SURF source code present in OpenCV 2.0, you can take descriptors code from there. FAST code you can find on the Edward Rosten’s, FAST developer, site:
http://mi.eng.cam.ac.uk/~er258/work/fast.html
Be careful if you want try ER-FAST. ER-FAST C code is huge and can easily crash visual studio.
Thanks for you answer. I’ll give a look to both.
So you just apply SURF “description” code to keypoints detected by FAST? Did you try FAST with SIFT based descriptors too?
I did slight modification to FAST – used it on scale space – downsampled image and applied FAST to patches produced by fist stage. But you probably don’t want to do it – it’s purely for performance optimization for mobile device.
SURF – it’s not “description”, it’s “descriptor” – string of numbers which are 1-2nd order Haar wavelet moments.
SURF descriptor I used practically without changes. You may want to fiddle with parameters though – they influence results a lot. SIFT I never tried – it’s more slow then SURF.
It doesn’t seem obvious on how to go from a FAST CvPoint keypoint returned by cvCornerFast to a CvSURFPoint which contains a lot more required information such as the laplacian, size, etc. Or do you simply pass in the CvSURFPoint with only the “pt” member set and cvExtractSURF will fill in the rest of the info?
BTW: Thanks for publishing this work — I hope to share my results in the near future as well.
-Micah
I’m not using OpenCV here (actually I’m using it for testing only, because intended target is mobile). I just get point detected by FAST and calculate SURF descriptor for it. That way Hessian is not used at all.
Hi,
Is FAST-SURF combination rotation in-variant?
FAST is rotationally invariant. SURF descriptor could be oriented, which is rotationally invariant (theoretically, in practice not so much) and upright, which is not.
hi
Im using FAST code from Edward Rosten’s website to detect keypoints from the image. The output is a group of detected points. Since im using FAST, i don’t think i need to use the Hessian detector. Now im not sure how to feed it to
cvExtractSURF(CvArr *image, CvArr *mask, CvSeq **keypoints, CvSeq **dexcriptor, CvMemStorage *storage, CvSURFParams params, int useProvidedKeyPts)
Do you know how to input the group of points from FAST to CvSeq** ?
i used the following to create a CvSeq
CvSeq *kp1 = cvCreateSeq(0, sizeof(cvSeq), sizeof(CvSURFPoint), storage)
Did you calculate SURF decriptor for each point using cvExtractSURF?
thanks in advance
See comment 6.
I’m stuck at the same point – how do you produce SURF/SIFT descriptors from FAST corner points?
Can anyone help ?
(I couldn’t find the answer to my question at comment 6)
First you detect candidates with FAST. Use some scoring on them – either FAST scoring, or Hessian/Laplacian approximation.
Use some non-max suppression using score.
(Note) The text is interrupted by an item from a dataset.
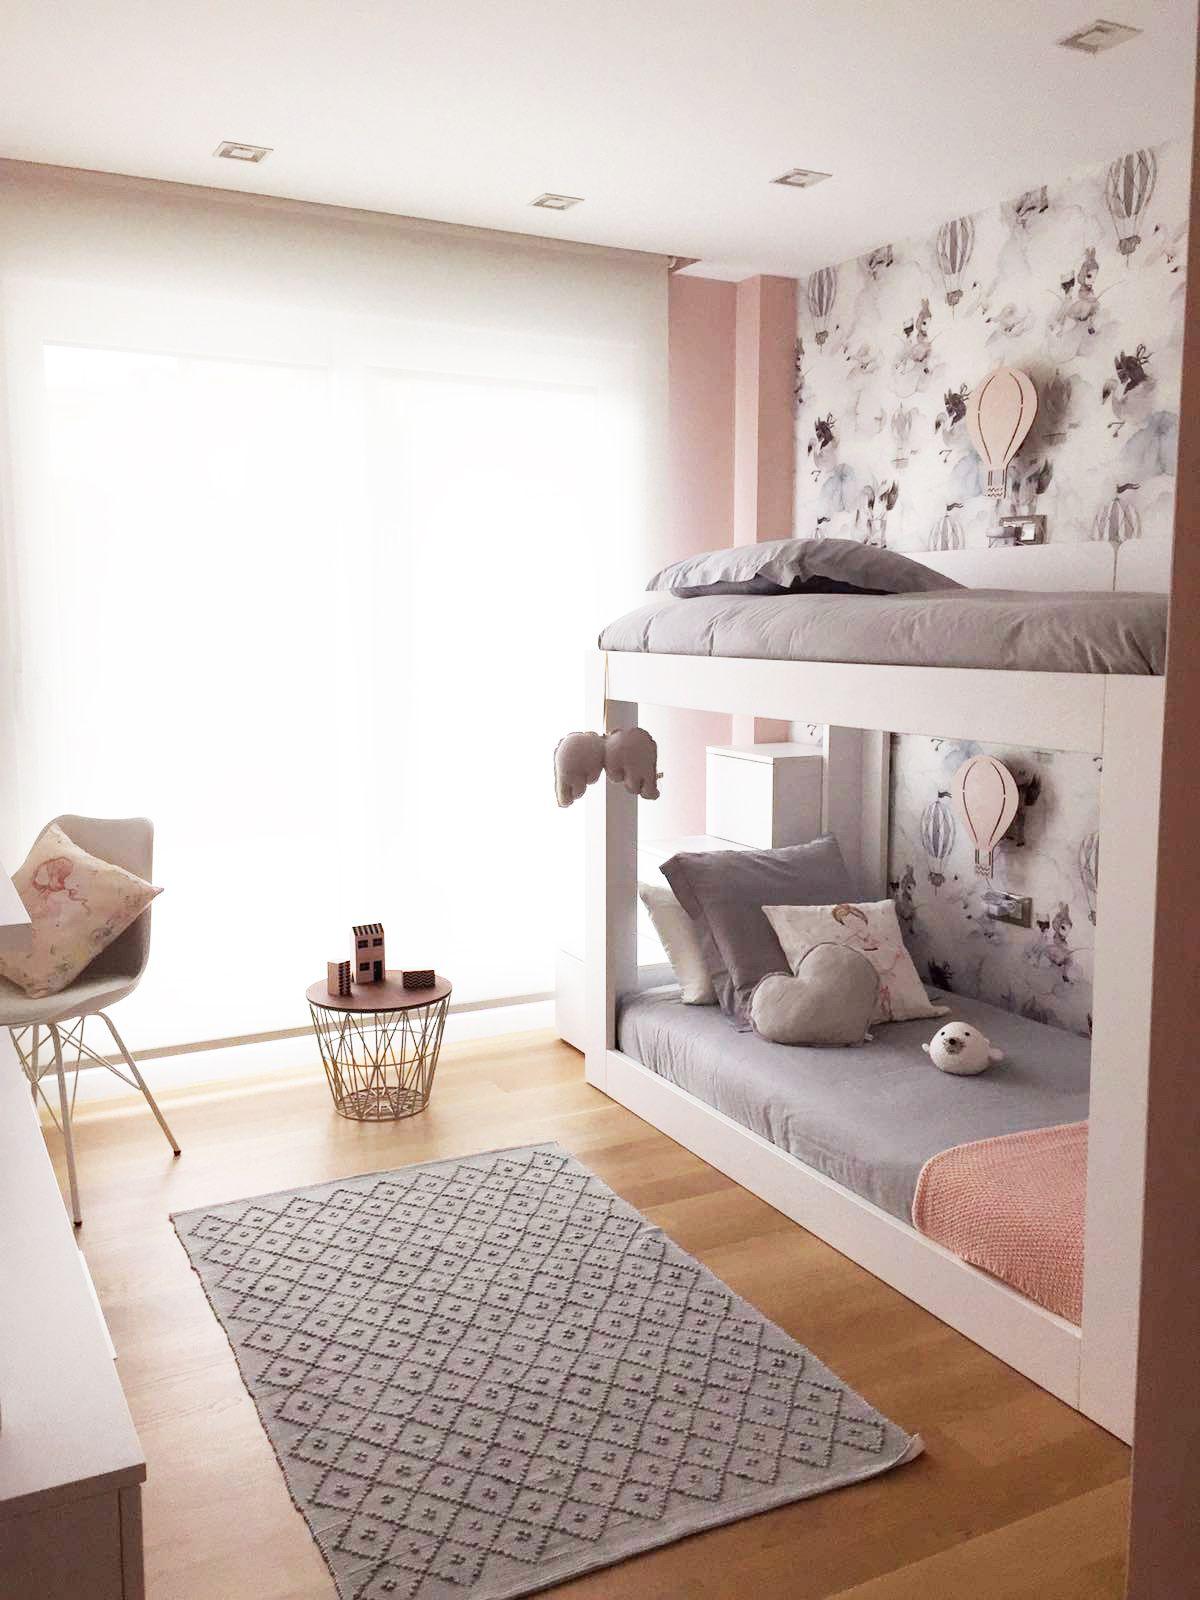 Habitaci N Gris Y Rosa Con Papel Pintado Oh Clouds De Mr Mighetto  ~ Habitaciones Juveniles Con Papel Pintado

Or don’t – depend on your strategy. After that apply relevant descriptor to the point.
ftp://ftp.vision.ee.ethz.ch/publications/articles/eth_biwi_00517.pdf
http://en.wikipedia.org/wiki/Scale-invariant_feature_transform
Hello
Im not sure how to obtain scale information using FAST? Could you explain how you did it?
it is important because scale information is used by SURF. Otherwise the tracking performance is restricted.
thanks
FAST is not related to scale space directly. First you have to build scale-space pyramid (possibly with integral images), after that use FAST for each level.
http://en.wikipedia.org/wiki/Scale_space
http://en.wikipedia.org/wiki/Integral_image
Could you explain more details about overall procedure and how you built the scale-space? Can i just use 1/2 downsampling and gaussian blurring? Then i have pixel locations in different orders. for example, there would be different point location for 500×500 image and 250×250 image.
Like you said, would it be fine just copying FAST point data to create SURF descriptors? nothing else like dir, hessian, laplacian, size.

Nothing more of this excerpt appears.